AliveCor's approach might not be as slick as what Apple came out with, but I wrote in the chapter about them also being the first to develop a way to test for potassium levels on the watch in partnership with Mayo Clinic. That kind of bloodless potassium test is something we could have never envisioned, and it's really important for people with kidney disease. And the whole thing could have been moved had the computer scientists not let the data talk without bias. There are a lot of interesting lessons from AliveCor's story I think.
FARR: I would suspect Apple is following suit.
TOPOL: Oh, I would guess.
FARR: Do you see a difference in how each generation of tech has approached the health market? There was a group of companies that tried about a decade ago, including Google and Microsoft, which did not succeed as they expected. Now they're back, alongside Apple and Amazon.
TOPOL: Back then, there were some abject failures of entities like Google to the health record world. Now, there's a serious effort that has a lot of resources and people. It's really pervasive across the tech titan companies. They've hired physicians with dedicated teams. And it's not just about health records. It's about everything in health care.
FARR: Do you think we can trust these companies with our data? That's a topic you're very passionate about.
TOPOL: HIPAA (the rules that govern how health information is shared is certain circumstances) isn't enough to protect our data. It's a disaster. Patient data is routinely being sold and broken and stolen, and medical identity theft is raging on. We have 100 million Americans who have had their data hacked, and we have hospital systems being held hostage.We're not there yet at a place where I believe we need to be, where every person should own their own data. No one has it now because it's being held in lots of different places, with some in paper and some electronic.
FARR: How does that impact companies in the artificial intelligence world trying to get into health care?
TOPOL: I think if the person doesn't own their data and get it as inputs, then artificial intelligence is markedly diminished in terms of benefits for that person. At best, you can scrape a portal for a glimpse.
FARR: Will it ever happen where we can all own our health data?
TOPOL: We have models in other countries like Estonia. But we aren't doing that in this country. There aren't resources. In other countries, there are large resources to help health care invest in the power of A.I., but there's a model here that's highly paternalistic and not at all supporting the autonomy of patients.
FARR: Speaking of A.I., I've seen a lot of medical chatbots emerge that claim to do everything from navigate patients to the right place, whether it's the hospital or doctor's office, and even diagnose disease.
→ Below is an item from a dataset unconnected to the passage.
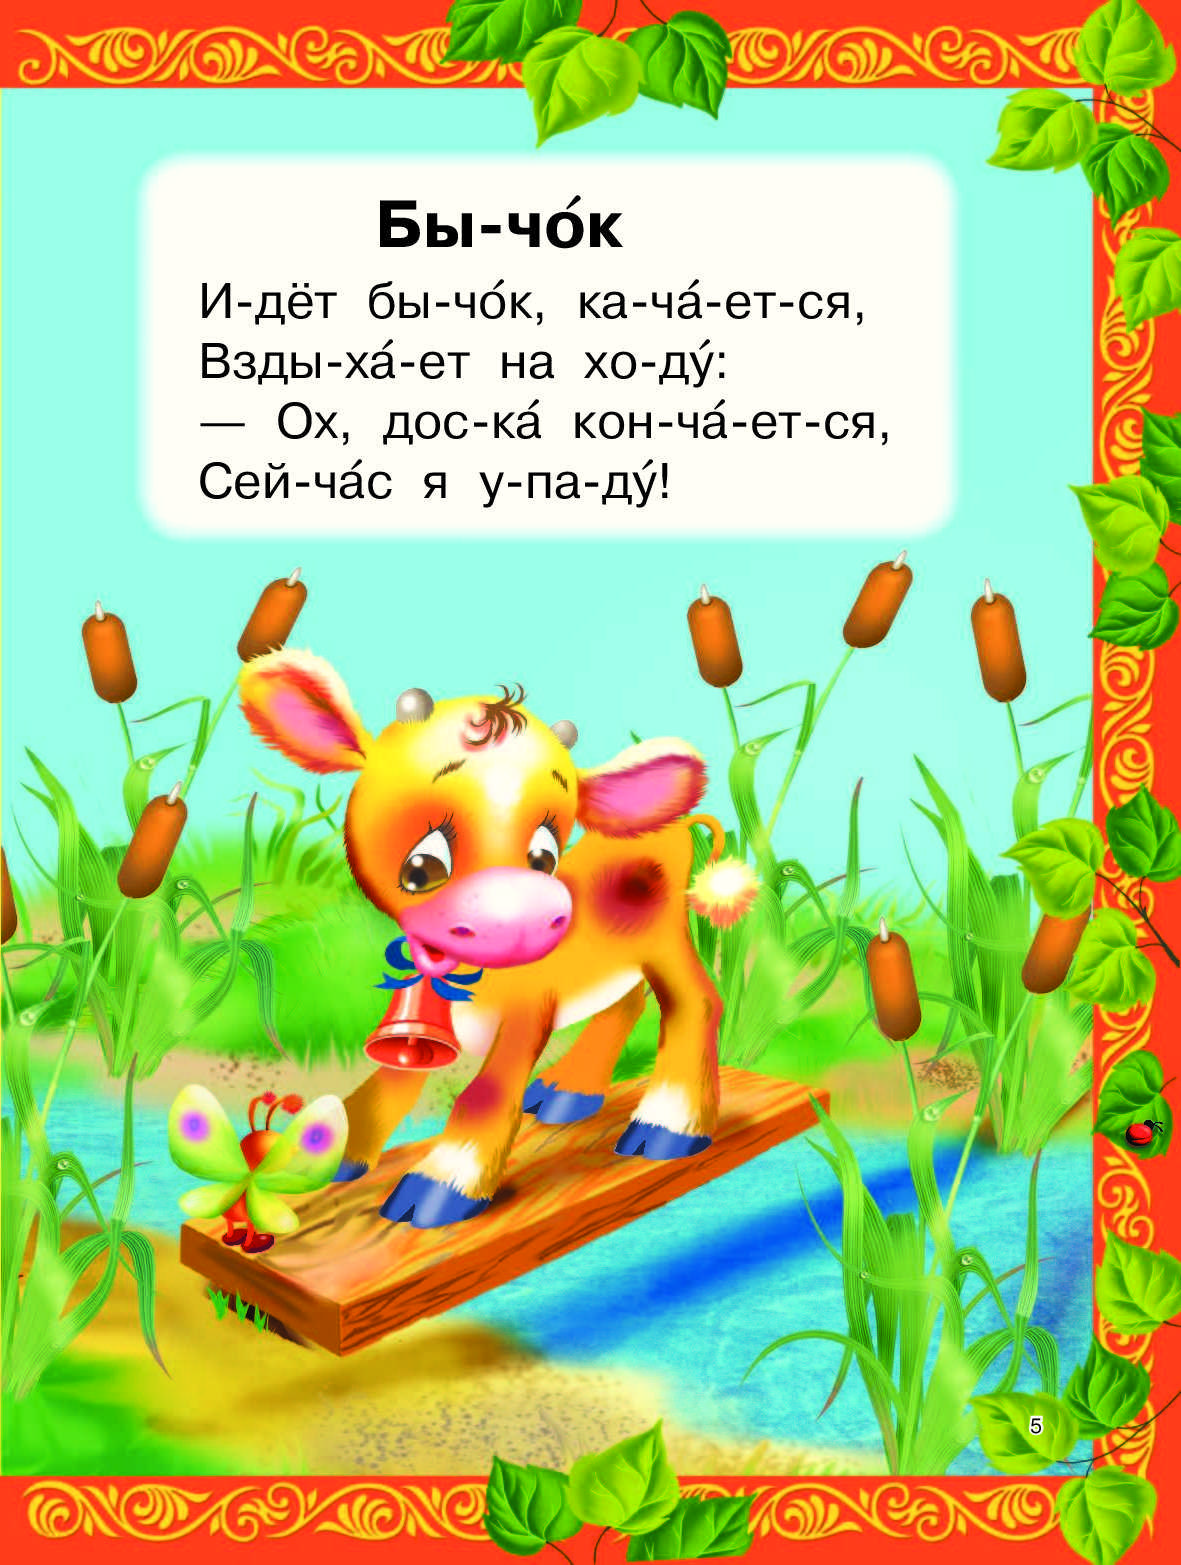 Кирилл авдеенко - автор детских стихов

What are your thoughts on that technology?
TOPOL: I see some problems, which I emphasize in the book. They have to go through careful validation, including with peer-reviewed publication. No chatbot has gone through a rigorous process like that. There have been some small randomized trials with some technologies, but the testing was limited. We have seen some evidence that people would rather reveal their inner most secrets to an avatar, which is interesting, and there are ways to take advantage of that right now with A.I. but it's theoretical.
FARR: How much of A.I. in medicine is actually A.I. versus an engineer with a spreadsheet?
TOPOL: A lot of A.I. is just basic mathematics. The term is used loosely, and I was specifically interested in a subtype called "deep learning." But as much as I talk about the technology, I also have a chapter on "deep empathy," meaning that we aren't selecting today for physicians who have a lot of compassion and empathy. We have the opportunity to use the future to bring back the past, which involves training physicians and selecting them to have those qualities. That's where I think we're headed.